**What you will do**: Every line below that carries the word "light" needs to be copied.

═════ Extracted information

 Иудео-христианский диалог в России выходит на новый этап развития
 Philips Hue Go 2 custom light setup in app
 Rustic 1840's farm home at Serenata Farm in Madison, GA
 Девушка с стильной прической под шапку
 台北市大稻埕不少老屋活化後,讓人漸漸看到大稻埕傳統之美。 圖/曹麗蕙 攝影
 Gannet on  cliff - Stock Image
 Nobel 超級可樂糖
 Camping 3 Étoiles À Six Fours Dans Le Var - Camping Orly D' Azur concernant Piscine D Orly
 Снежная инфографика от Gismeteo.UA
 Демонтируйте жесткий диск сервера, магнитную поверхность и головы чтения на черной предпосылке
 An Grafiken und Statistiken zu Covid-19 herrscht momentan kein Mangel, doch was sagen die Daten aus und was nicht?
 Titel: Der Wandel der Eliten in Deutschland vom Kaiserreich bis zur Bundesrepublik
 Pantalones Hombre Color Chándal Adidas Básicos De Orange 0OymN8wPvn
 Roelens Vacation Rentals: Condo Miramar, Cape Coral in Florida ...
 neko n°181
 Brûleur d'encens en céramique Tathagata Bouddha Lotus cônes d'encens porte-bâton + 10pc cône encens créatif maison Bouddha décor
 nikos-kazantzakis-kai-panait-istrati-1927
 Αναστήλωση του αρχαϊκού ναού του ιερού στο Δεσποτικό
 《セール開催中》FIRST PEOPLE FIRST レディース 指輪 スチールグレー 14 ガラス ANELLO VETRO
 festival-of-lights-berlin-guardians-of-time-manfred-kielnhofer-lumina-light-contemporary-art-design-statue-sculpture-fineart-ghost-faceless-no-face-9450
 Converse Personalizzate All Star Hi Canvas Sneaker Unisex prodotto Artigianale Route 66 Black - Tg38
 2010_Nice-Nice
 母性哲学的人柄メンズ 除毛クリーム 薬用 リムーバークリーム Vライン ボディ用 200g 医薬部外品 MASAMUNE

══════════

**Result of this task**:
 Philips Hue Go 2 custom light setup in app
 festival-of-lights-berlin-guardians-of-time-manfred-kielnhofer-lumina-light-contemporary-art-design-statue-sculpture-fineart-ghost-faceless-no-face-9450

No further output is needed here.